The following is a verification of whether clustering is really possible with this algorithm.

``````import matplotlib.pyplot as plt

#Create a suitable dataset
np.random.seed(0)
points1 = np.random.randn(80, 2)
points2 = np.random.randn(80, 2) + np.array([4,0])
points3 = np.random.randn(80, 2) + np.array([5,8])

points = np.r_[points1, points2, points3]
np.random.shuffle(points)

#Create a model to divide into 3 clusters
model =  KMeans(3)
model.fit(points)

print(model.labels_)
``````

Then the output will look like this. You can see that the labels are brilliantly assigned to three.

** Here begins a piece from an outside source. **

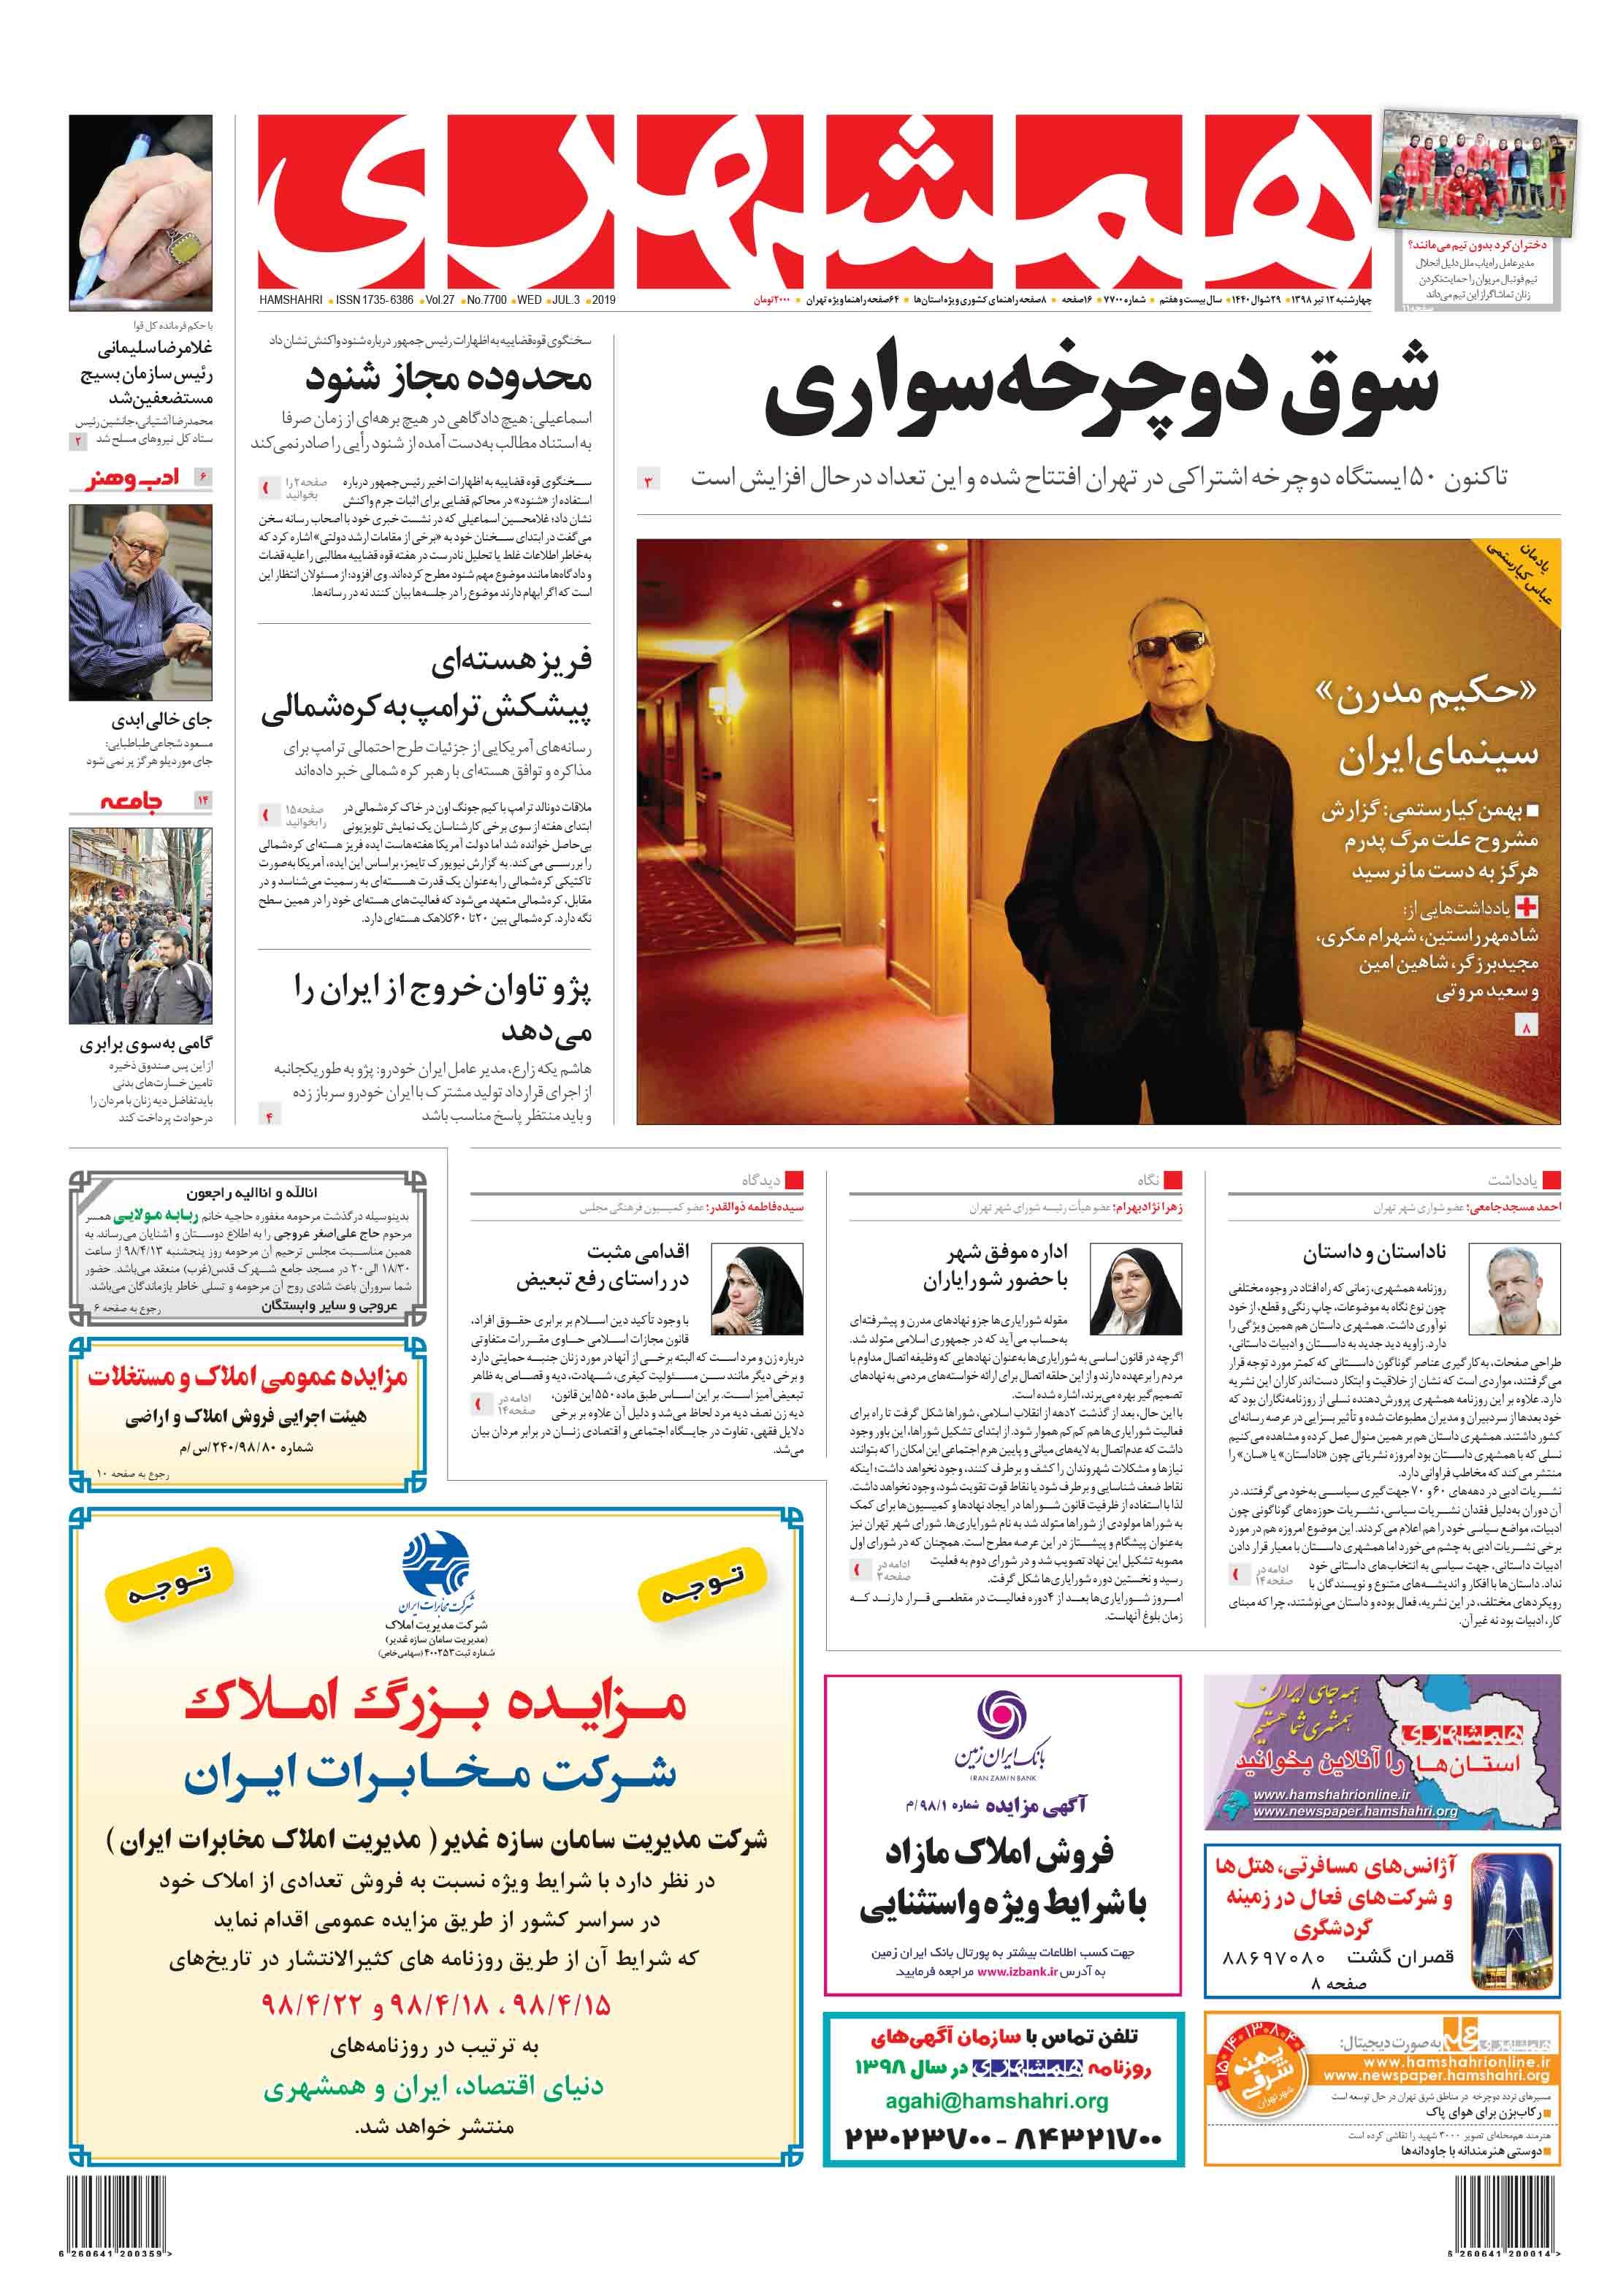 صفحه اول چهارشنبه 12 تیر 1398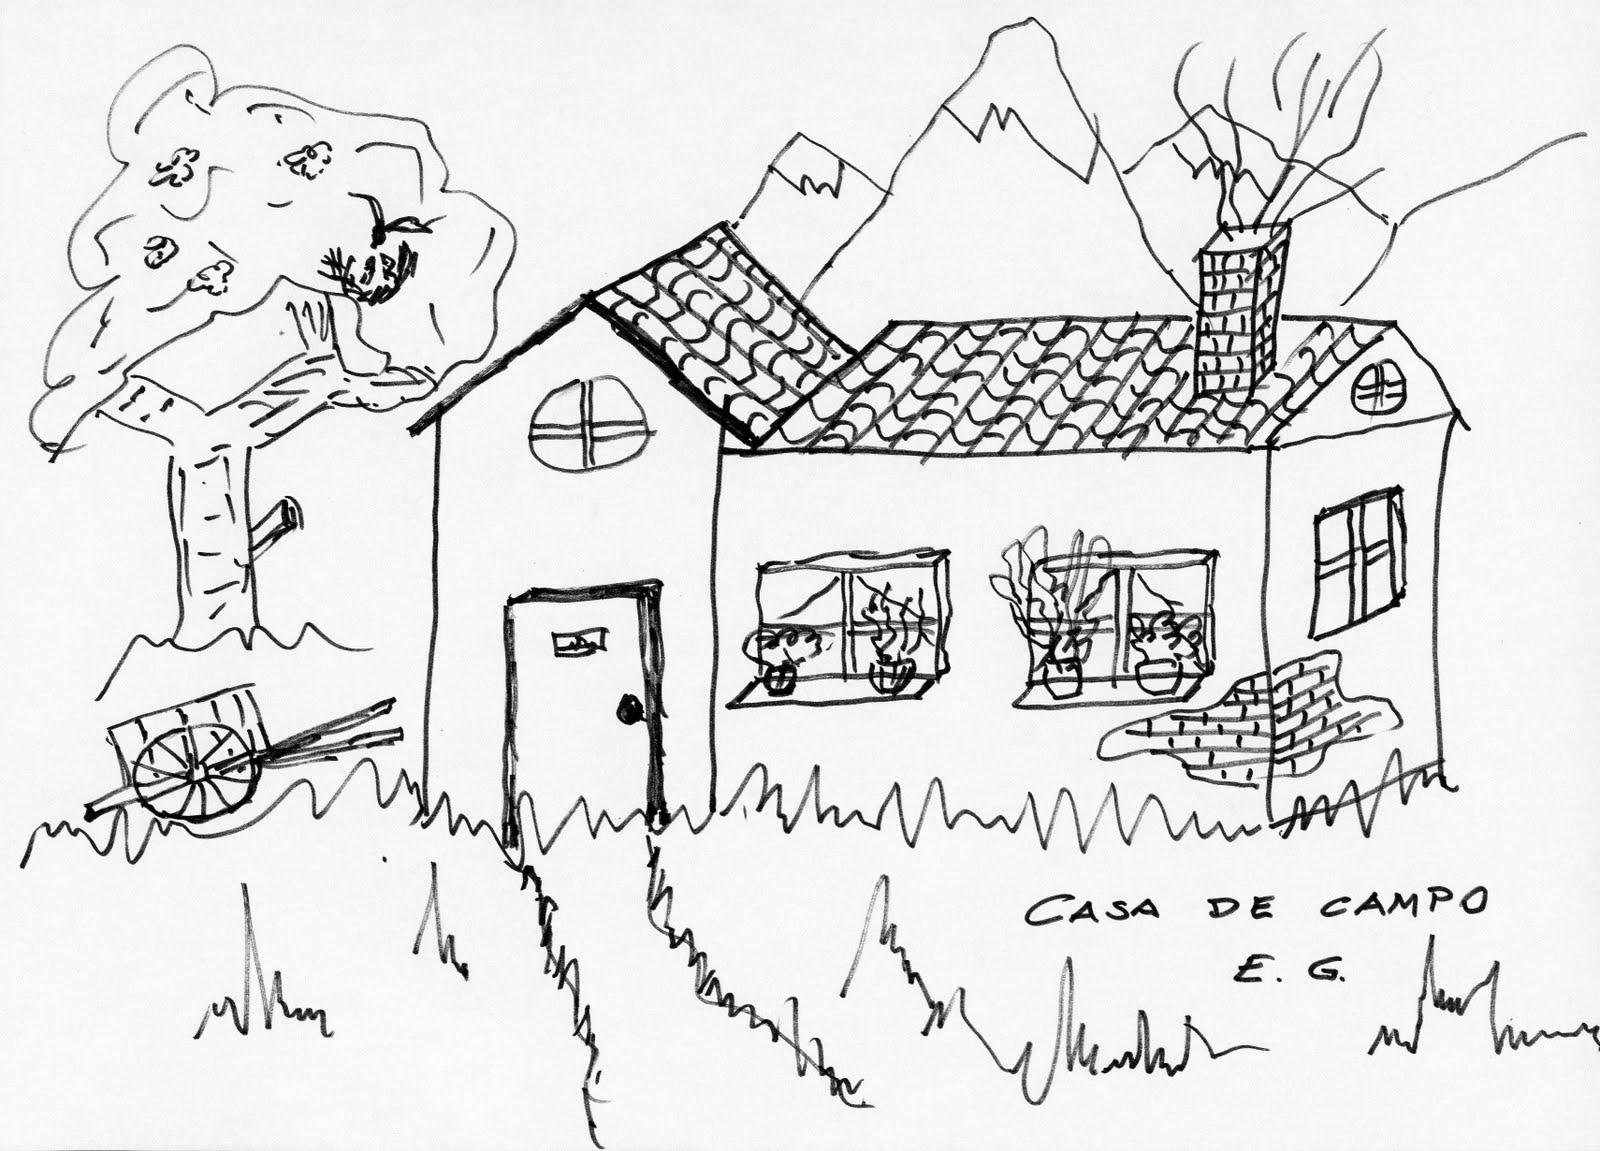 Exposici n monogr fica unjubilado - Fotos de casas para dibujar ...

``````[1 0 2 1 0 0 2 0 1 2 0 0 2 0 2 2 0 0 2 1 2 0 1 2 0 1 2 1 0 1 0 0 0 2 0 2 0
1 1 0 0 0 0 1 2 0 0 0 2 1 0 2 1 0 2 0 2 1 1 1 1 1 0 2 0 2 2 0 0 0 0 0 2 0
2 2 2 1 0 2 1 2 0 0 2 0 1 2 1 1 1 2 2 2 1 2 2 2 1 2 1 0 0 0 0 0 2 0 1 0 1
2 0 1 1 0 1 2 1 1 1 2 2 1 2 1 0 1 1 2 0 1 0 1 1 1 0 2 1 0 0 1 2 2 2 1 0 0
0 2 2 2 0 0 1 2 0 2 2 2 1 2 2 2 2 2 1 1 0 1 2 1 1 2 0 1 1 1 1 0 2 1 0 1 1
2 1 2 2 2 1 2 0 1 2 2 2 0 0 0 0 1 1 2 1 1 1 2 2 0 0 1 1 2 0 0 1 0 1 1 2 1
0 1 2 1 0 1 2 2 1 1 2 1 2 1 0 1 1 2]
``````

Let's illustrate this with matplotlib.

``````markers = ["+", "*", "o"]
color = ['r', 'b', 'g']
for i in range(3):
p = points[model.labels_ == i, :]
plt.scatter(p[:, 0], p[:, 1], marker = markers[i], color = color[i])

plt.show()
``````

Here is the output. You can see that clustering is completed without any problems. Next This k-means method has the problem that the accuracy changes depending on the allocation of the first random cluster. I would like to challenge the implementation of k-means ++, which is trying to overcome that problem.